There are a large set of variables at the beginning of this script that define the nested environment. The most important of these are the IP addresses, domain names, and network names from the outer vCenter. The values in the script are based on my home lab network. I am using two VLANs - vm-network-138 and vm-network-139 - with CIDRs 192.168.138.0/24 and 192.168.139.0/24 - respectively. In your environment you may need to change these values. You will also see multiple references to a domain tanzuathome.net that I own. You should change these values to match a domain that you control, and where you can manage DNS entries.

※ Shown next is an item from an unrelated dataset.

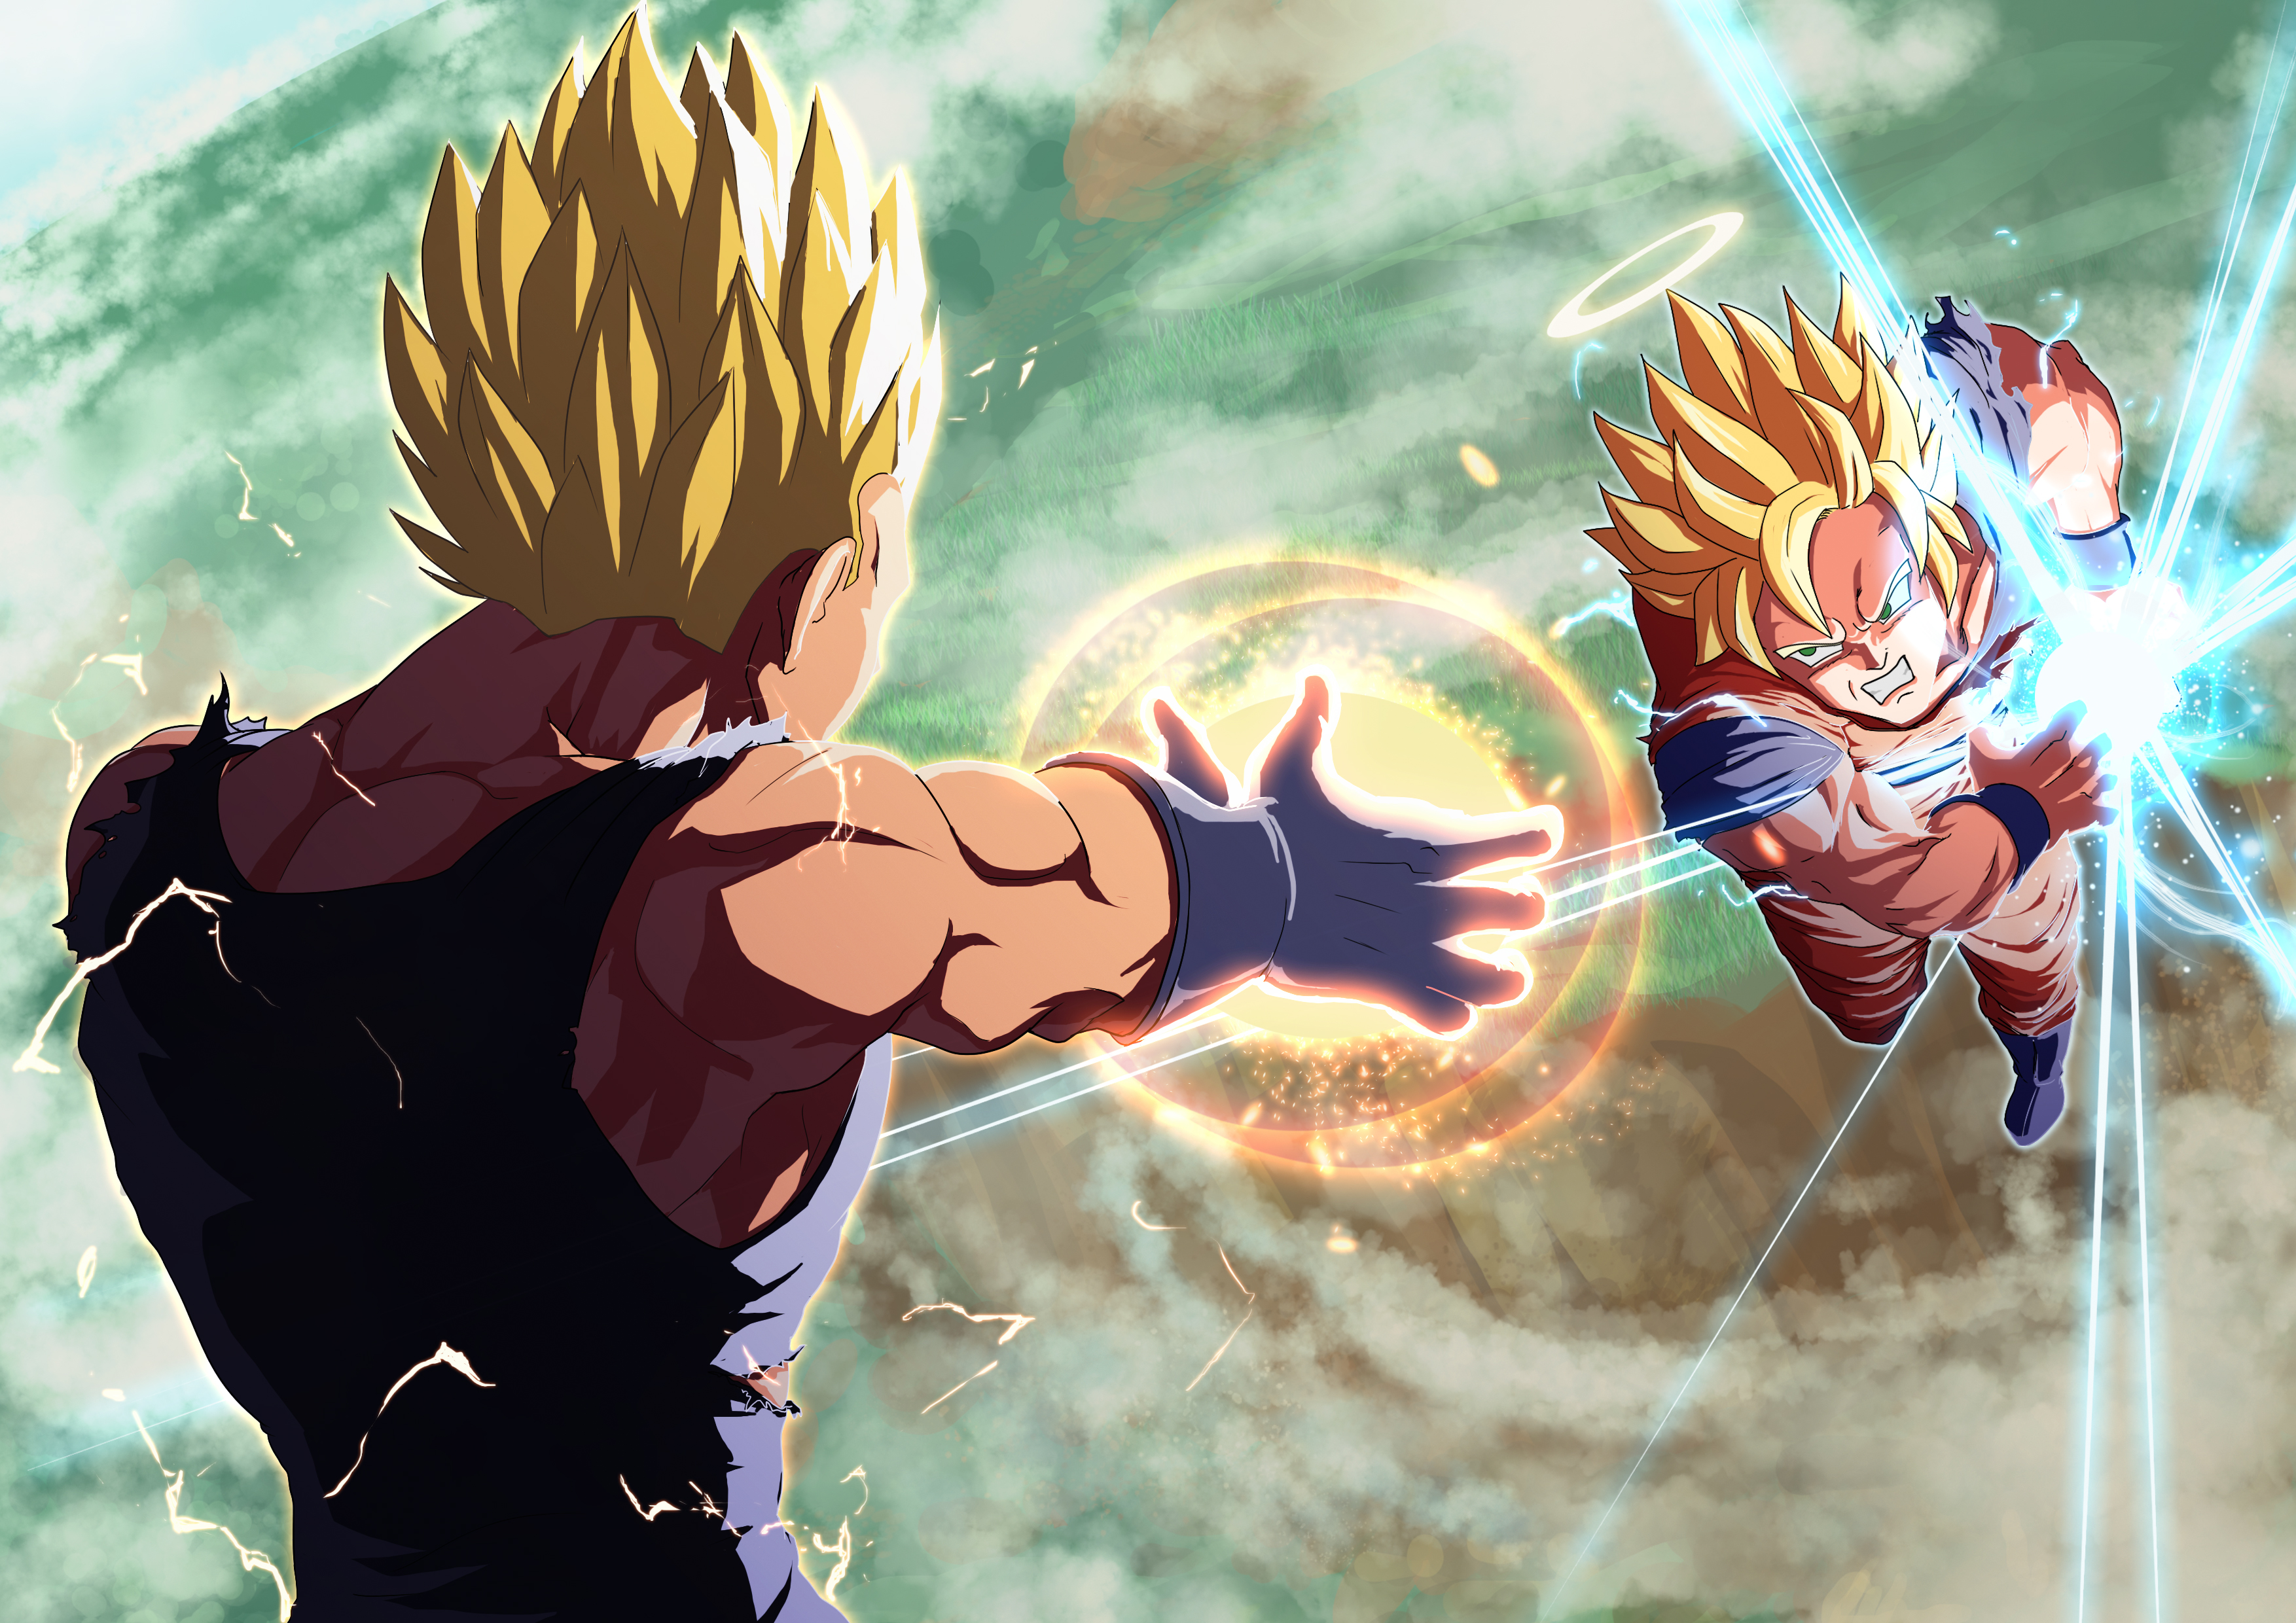 Legends Goku And Vegeta Daily Anime Art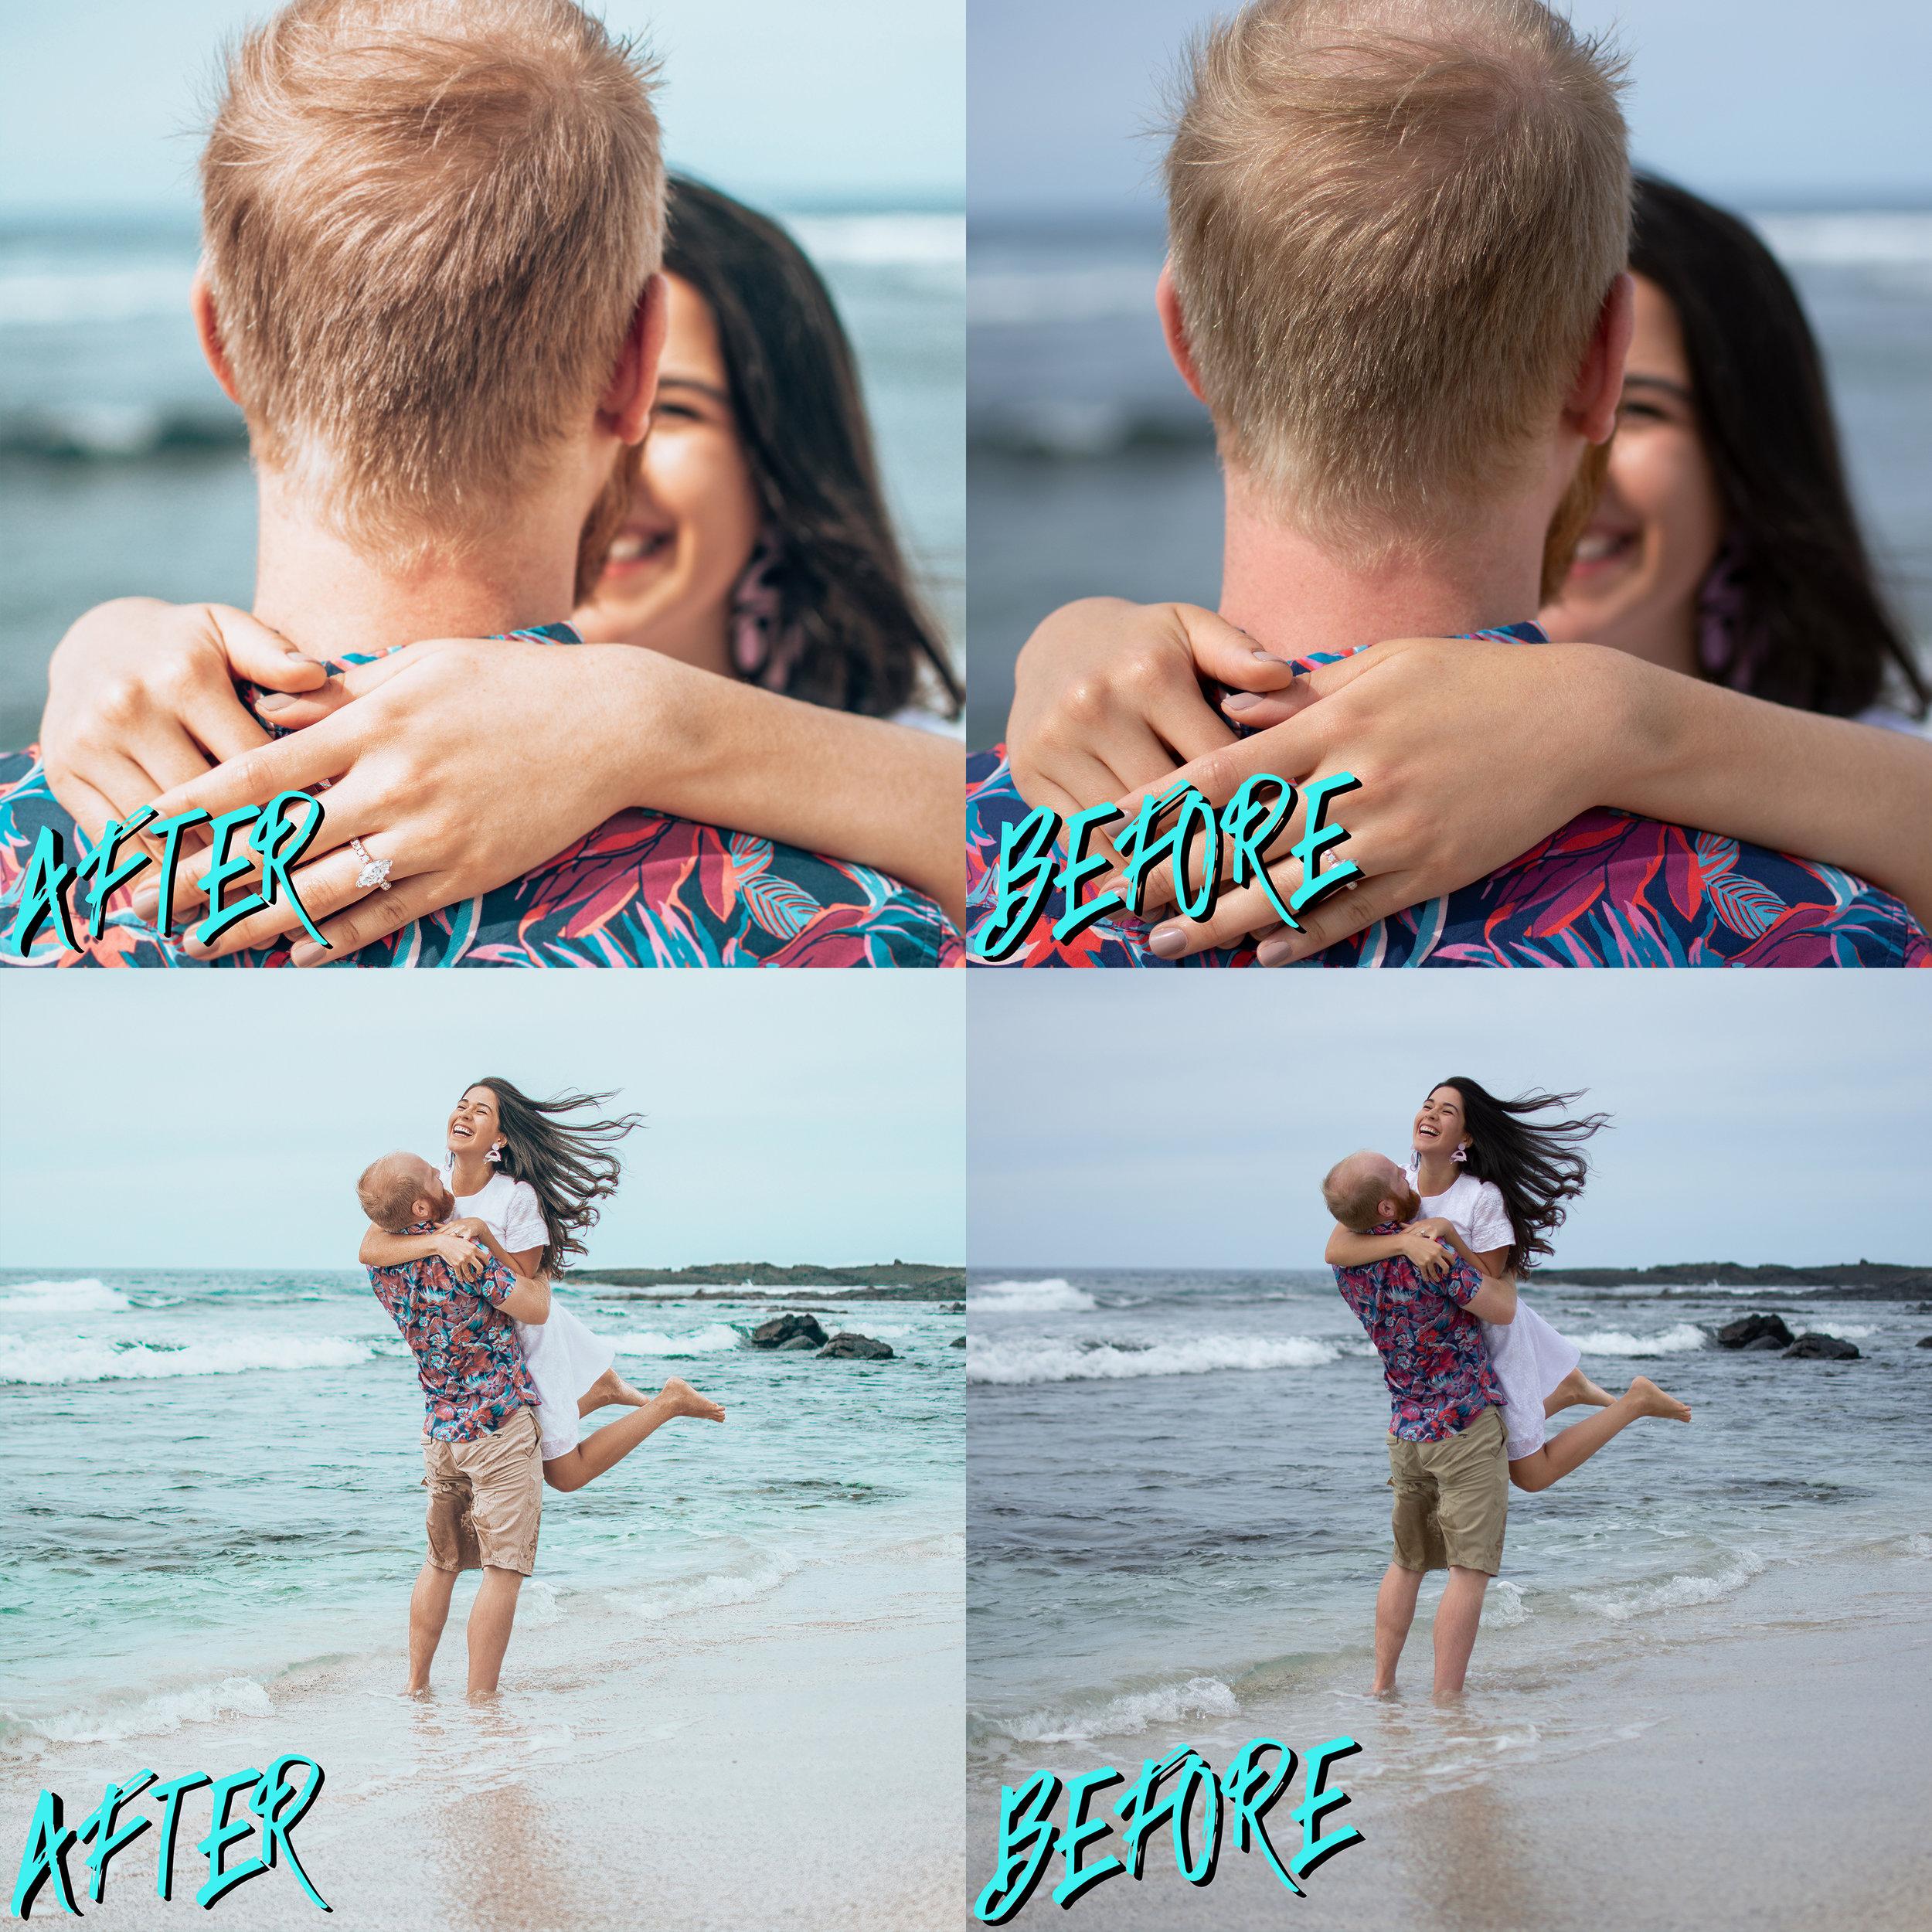 Beach Love Before after.jpg

Before running the script, you should create DNS entries to match entries in the script. In my environment, I use the following DNS records:

Name Address
vcsa.tkgs.tanzuathome.net 192.168.138.3
tkgs-esxi-1.tkgs.tanzuathome.net 192.168.138.4
tkgs-esxi-2.tkgs.tanzuathome.net 192.168.138.5
tkgs-esxi-3.tkgs.tanzuathome.net 192.168.138.6
nsx-alb.tkgs.tanzuathome.net 192.168.138.9

After the script variables have been set and the DNS entries created, run the script nestedEsxiForTKGs.ps1. This will create a new vCenter with three nested ESXi hosts. The script will run for approximately 45 minutes.

Important: the vCenter install will fail if you are on the VMware VPN!

Procedure Part 2: Install and Configure NSX Advanced Load Balancer (AVI)

Install and configure AVI following the instructions here: https://docs.vmware.com/en/VMware-vSphere/8.0/vsphere-with-tanzu-installation-configuration/GUID-CBA041AB-DC1D-4EEC-8047-184F2CF2FE0F.html#GUID-CBA041AB-DC1D-4EEC-8047-184F2CF2FE0F

There are notes for my environment on the NSX ALB Notes page.

Procedure Part 3: Enable Kubernetes with Tanzu Service Installer

Network Design

TKGs uses three types of networks - management, workload, and VIP networks. This installation is based on the two subnet model for TKGs - where the workload and VIP networks share the same subnet.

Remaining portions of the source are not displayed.